GIVEN RECORDS>
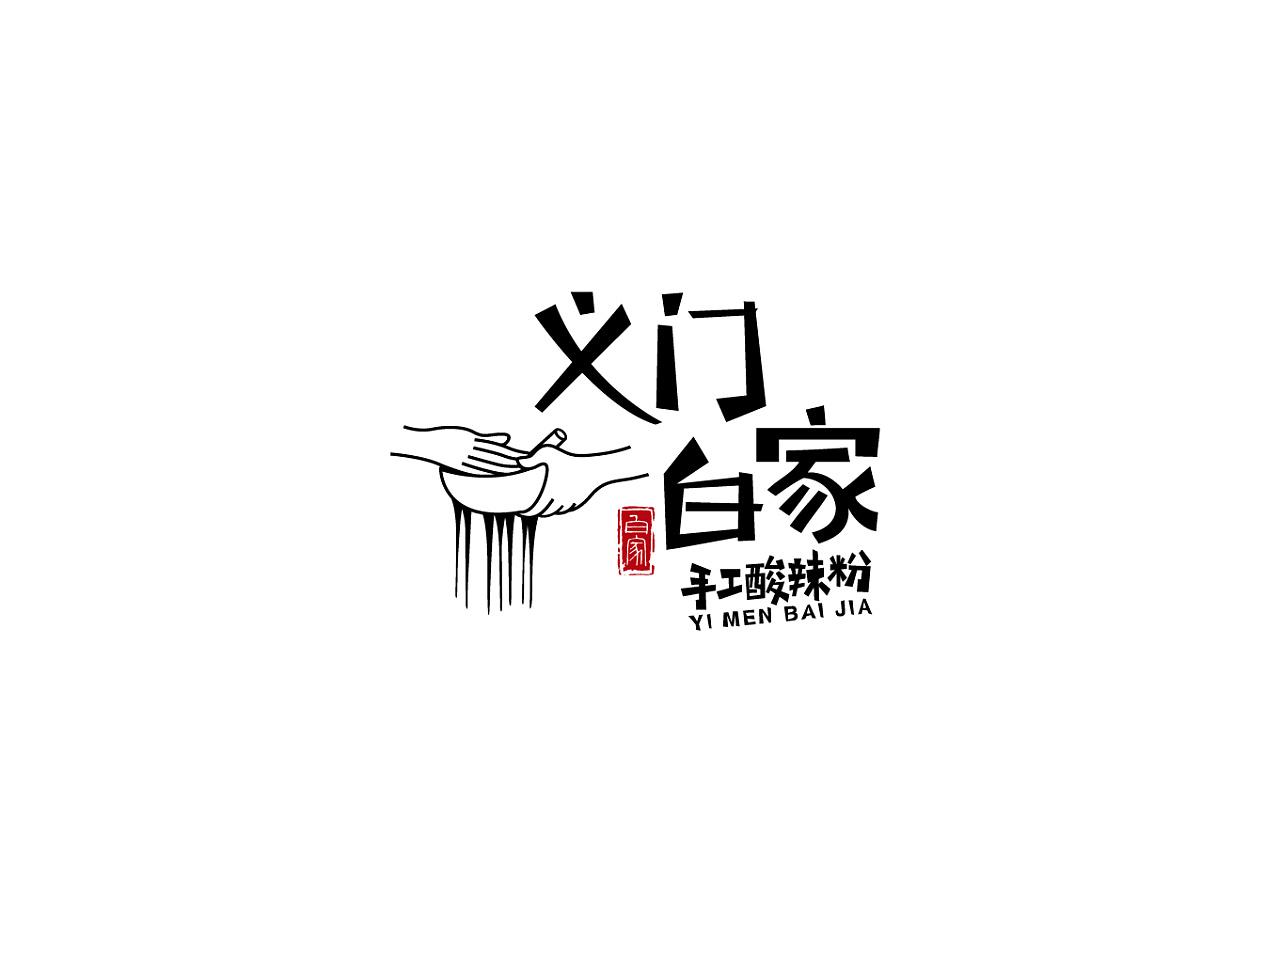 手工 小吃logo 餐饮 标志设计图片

--

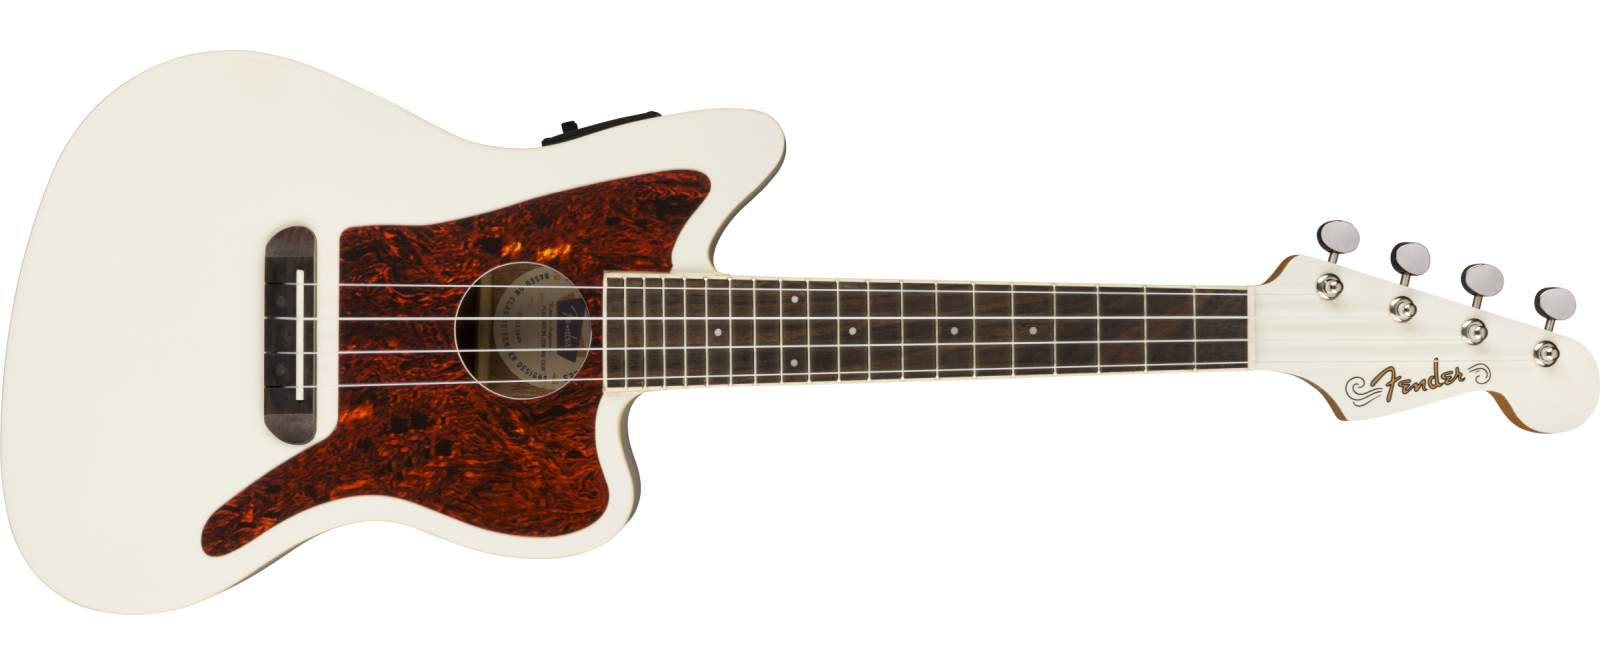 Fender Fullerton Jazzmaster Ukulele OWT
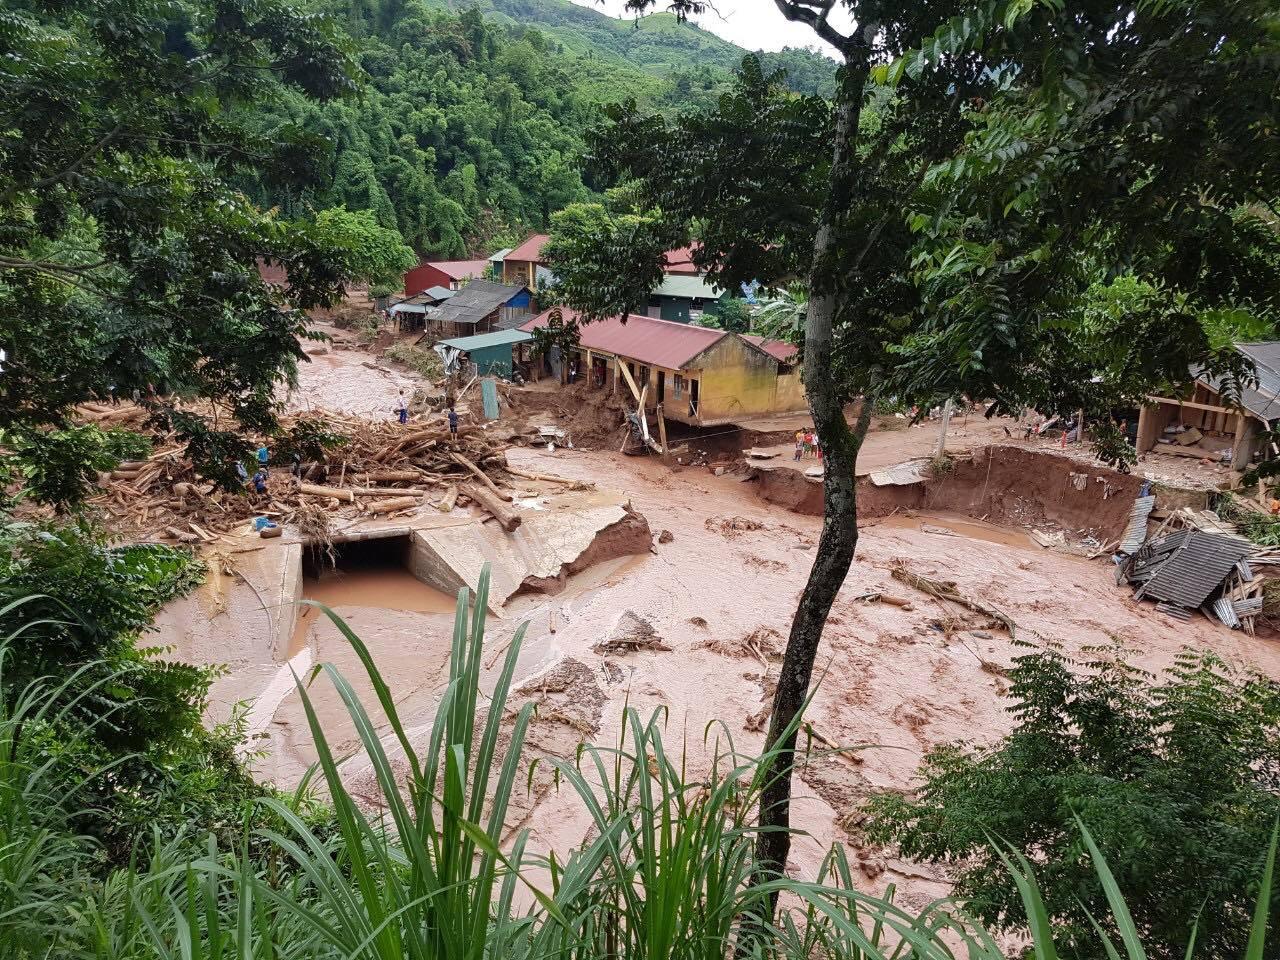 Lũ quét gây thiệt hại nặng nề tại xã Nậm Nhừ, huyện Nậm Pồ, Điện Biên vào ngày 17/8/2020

PROBLEM STATEMENT> Quote the data above exactly from the line with "Fender Fullerton Jazzmaster Ukulele OWT" to the line with "Lũ quét gây", both ends counted, and nothing else. Pictures don't go in.

SOLUTION>
 Fender Fullerton Jazzmaster Ukulele OWT
 Lũ quét gây thiệt hại nặng nề tại xã Nậm Nhừ, huyện Nậm Pồ, Điện Biên vào ngày 17/8/2020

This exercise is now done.